What are these LLMs?

LLMs represent a huge step forward from traditional machine learning (ML) models. While old NLP methods relied on strict rules and shallow models, LLMs—like GPT-4 and Meta’s Llama—are trained on massive datasets with billions of parameters! This enables them to not only understand the context of clinical information but also reason through complex inputs and generate human-like text. To learn more about them, you can check out this page: https://aws.amazon.com/what-is/large-language-model/

Why do we need LLMs and why does traditional NLP fail?

Traditional ML models required neat, structured data and a lot of manual effort. But LLMs? They can work with anything—like the often chaotic and free-form patient notes—offering much deeper insights and more flexibility. Their ability to grasp context and connect the dots makes them perfect for navigating the complexities of healthcare data.

Although LLMs can be applied across various healthcare domains, for this article, let’s focus on a particularly rich but challenging area: patient notes. These notes are packed with valuable information about patient histories, symptoms, and treatments—a true goldmine of clinical insights. But for years, we’ve struggled to fully tap into this resource due to the messy, unstructured nature of the data.

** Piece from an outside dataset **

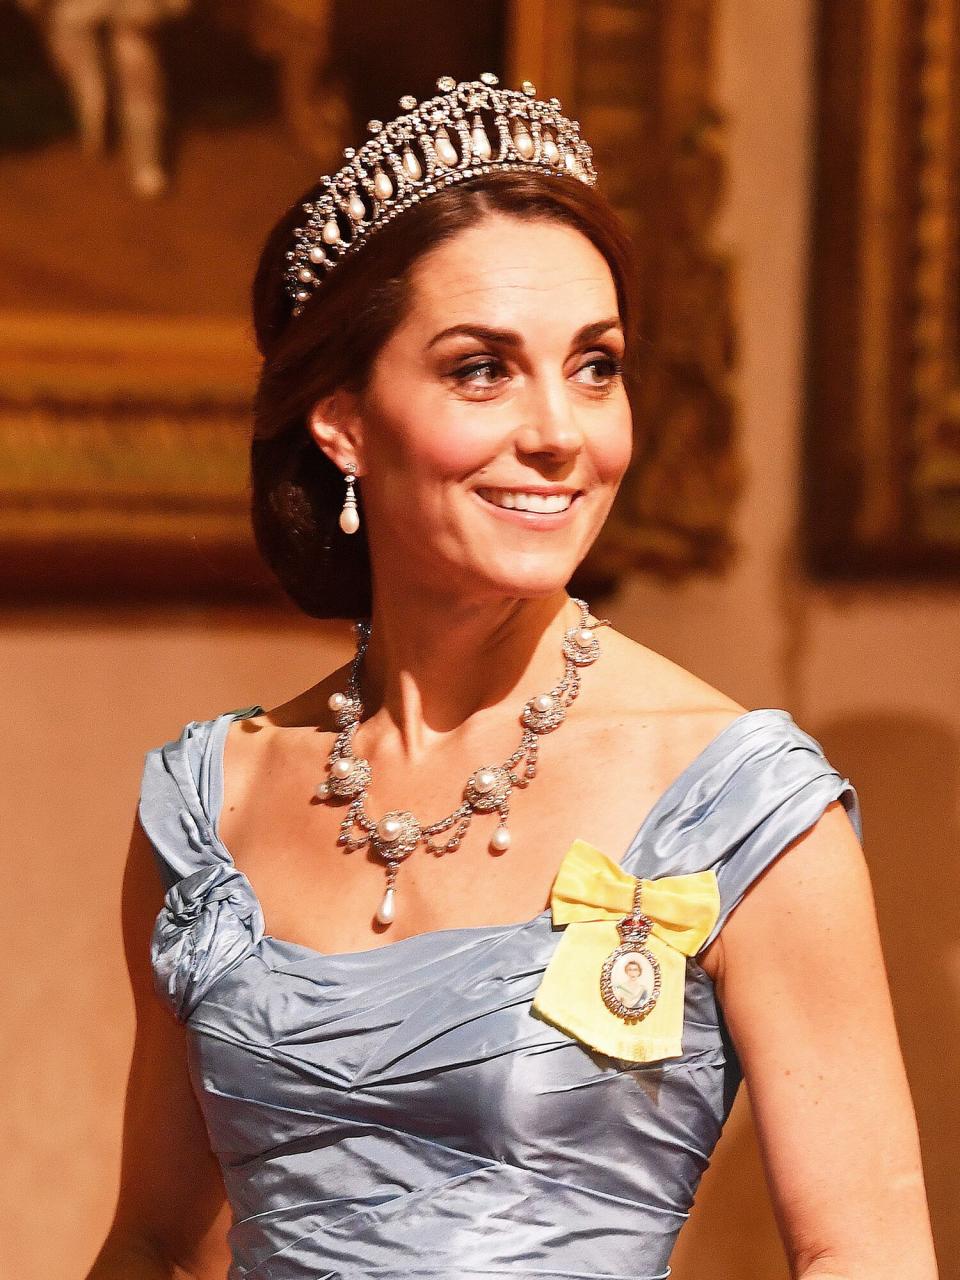 Catherine, Duchess of Cambridge during a State Banquet at Buckingham Palace on October 23, 2018 in London, United Kingdom. King Willem-Alexander of the Netherlands accompanied by Queen Maxima are staying at Buckingham Palace during their two day stay in the UK. The last State Visit from the Netherlands was by Queen Beatrix and Prince Claus in 1982

Traditional NLP methods haven’t been up to the task. They often stumble over medical abbreviations, clinician-specific writing styles, and the inherent complexity of patient narratives. LLMs, however, offer a way to mine this goldmine effectively. With their ability to understand unstructured data and capture context, LLMs are turning these once chaotic notes into actionable information.

Solutions

At Cognome, we are using LLMs to turn patient notes from chaotic scribbles into powerful tools for clinical decision-making and research. Here’s how:

  • Identifying Sepsis Early: Sepsis is a critical, life-threatening condition. Our Sepsis-LLM scans patient notes in real-time to spot subtle signs of sepsis, assigning probabilities that help clinicians act quickly and potentially save lives.
  • Mapping CPT Codes: Medical coding can be a drag. Enter Autochart-LLM, which automates the process by linking procedures in patient notes to CPT codes, cutting down on tedious admin work and boosting accuracy.
  • Matching Patients to Clinical Trials: Matching patients to trials is tough. Our Clinical Trial Matching model reads patient notes and matches them to trials by aligning the content with trial criteria—speeding up the process and creating new treatment opportunities.

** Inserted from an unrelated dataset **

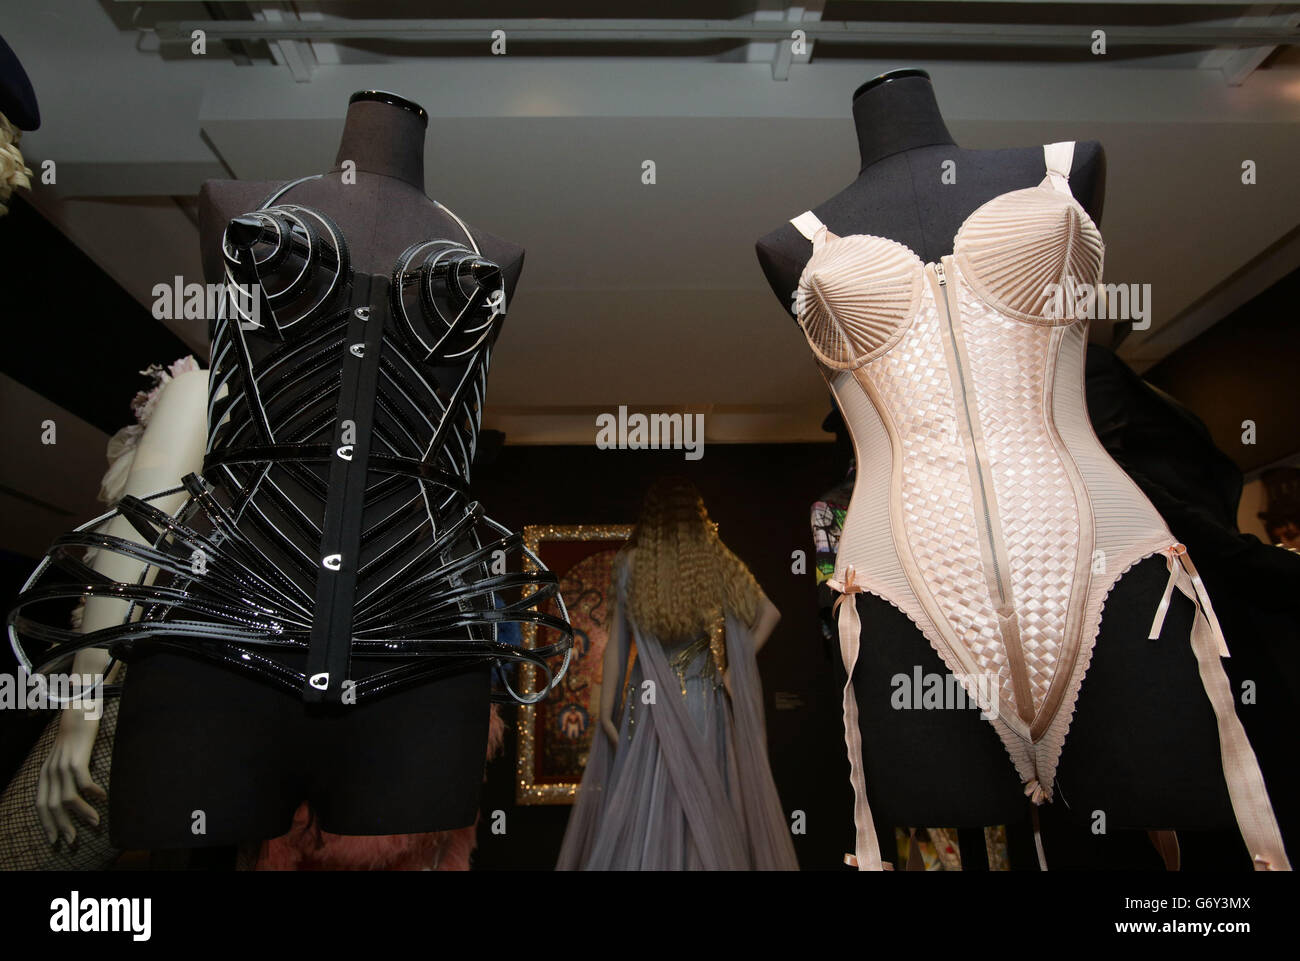 The clothes on display during a media view of 'The Fashion World of Jean Paul Gaultier: From the Sidewalk to the Catwalk' - the first major exhibition devoted to the celebrated French couturier, including costumes for film and performance including the conical bra and corsets Madonna wore during her 1990 Blond Ambition World Tour, stage costumes designed for Kylie Minogue as well as pieces created for the films of Pedro Almodovar among others - at Barbican Art Gallery in London. Stock Photo

LLM Challenges and how we approach them

That said, LLMs aren’t without their challenges. They require significant computational power to train and deploy, and sometimes they can “hallucinate”—producing inaccurate or biased outputs. Then there’s the critical issue of privacy, especially in healthcare, where patient data must be handled with extreme care.

We’ve developed smart solutions to address these challenges:

  1. Efficient Deployment: We use model compression techniques like distillation and quantization to reduce the computational load, making our LLMs more accessible without compromising performance.
  2. Improving Accuracy: By integrating Retrieval-Augmented Generation (RAG), we enhance LLM outputs with relevant data from external knowledge sources, ensuring more precise and reliable results.
  3. Fine-Tuning on Healthcare Data: Our models are fine-tuned on diverse, healthcare-specific datasets, optimizing their performance and accuracy in clinical settings.
  4. Data Privacy: We prioritize patient privacy with techniques like differential privacy and de-identification using models like ClinicalBERT, ensuring data security while maintaining the ability to train on valuable healthcare data.

In future articles, we’ll dive deeper into each of these solutions, showing how Cognome is tackling the limitations of LLMs and pushing the boundaries of healthcare technology.